HAMLET

Lyndsey Turner’s production is so fast-moving (all over in three hours) that she cuts the opening scene – the first sighting of the Ghost (‘Who’s there?’) on the castle battlements, described by a former critic of this publication, the venerable JC Trewin, as the most exciting scene in world drama – and too many other narrative corners, too, in presenting a European-style vision of a political system spinning into chaos. Elsinore’s a spacious, yet suffocating, prison, the stage filled with rubble as the army invades Denmark and Ophelia’s grave is dug.
Cumberbatch’s prince, though, is a total success. His opening line of ‘Who’s there?’ is directed at Leo Bill’s Horatio, an earnest, companionable Dr Watson type, the perfect foil to Hamlet’s inquisitive, combative detective; this Hamlet’s mission of revenge is a complicated one of flushing out his father’s murderer as well as the purpose of life itself (‘To be or not to be’ comes a full act earlier in the play than is usual).
As a brain-on-a-stick actor, Cumberbatch’s only rival is Simon Russell Beale, whose own Hamlet was far more glazed and cerebral; Cumberbatch is quaveringly alive and ‘in the moment’ from the off, leaping on the banquet table to wish his sullied/solid flesh would melt, not as an expression of defeat but as an experiment in human consciousness.

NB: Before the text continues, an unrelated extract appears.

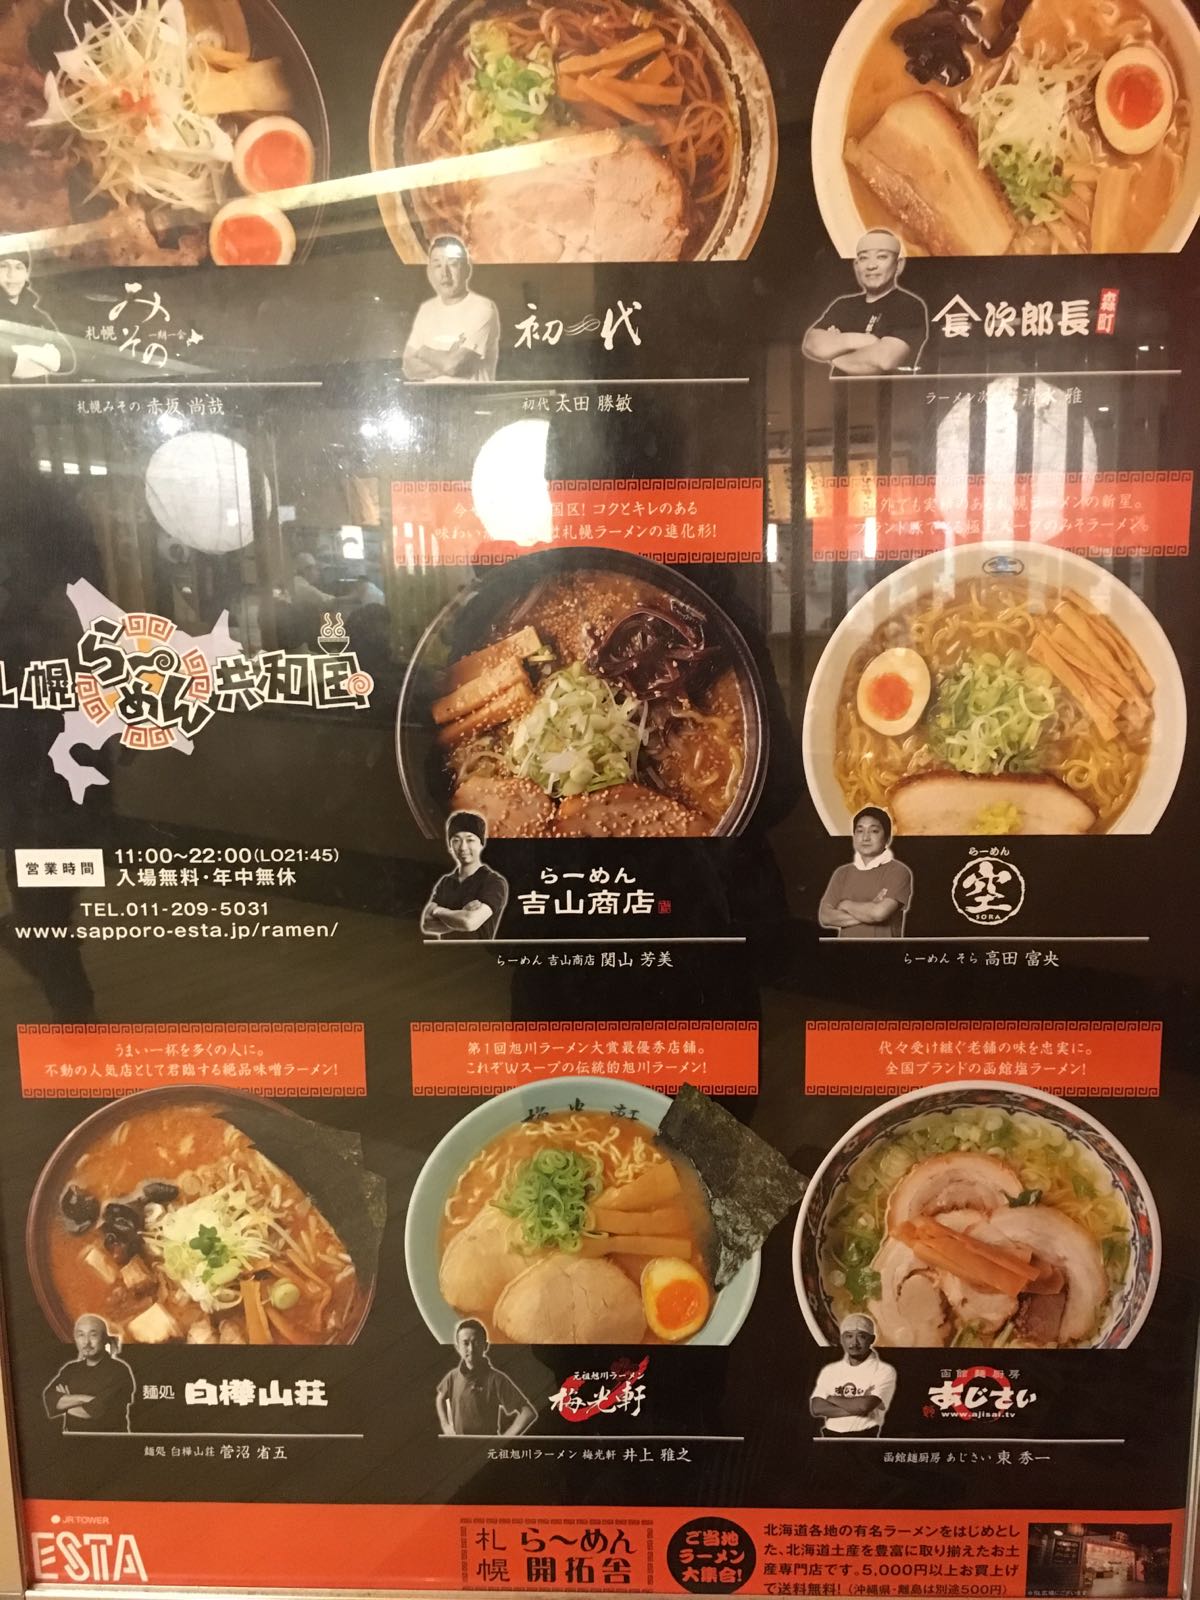 日本第一餐，当然要吃拉面啦！地方很好找，就在JR札幌站外面，出来就可以

This makes absolute sense, as the greatest soliloquy of all (‘How all occasions do inform against me’) is the one speech that places his tragic dilemma in the wider context of humanity as a whole, soldiers fighting for a barren patch of land and going to their graves like beds.
Cumberbatch charts this journey of discovery with fiery intelligence and growing self-awareness. He’s always in charge of his own madness, which takes the form of playing toy soldiers in a child’s castle. Ophelia (an excellent Sian Brooke) has been switched off for ages, photographing goblets and picking out stray notes on the piano with her brother Laertes (Kobna Holdbrook-Smith). An aghast Gertrude (Anastasia Hille) is left holding her camera as she strides out, and over the rubble, to the glassy stream.
Prussian military uniforms jostle with Horatio’s checked shirt and backpack, unspecified modern costume, Frank Sinatra on Hamlet’s gramophone (‘Why not take all of me?’), and Hamlet’s sweatshirt and ‘King’ cloak for the players’ scene. Thus the feeling is reinforced of responsibility to the state acting as a brake on personal expression, and that’s exactly Hamlet’s situation.
Voltemand and Osric (denuded of his camp banter) are both working ladies in suits at the court, Fortinbras is played by Estonian actor Sergo Vares and Ciarán Hinds is an imposing Claudius. Jim Norton’s Polonius, among others, disappoints, but once the general level of performance has cranked up a few notches, Cumberbatch’s Hamlet might prove memorable beyond his own star turn.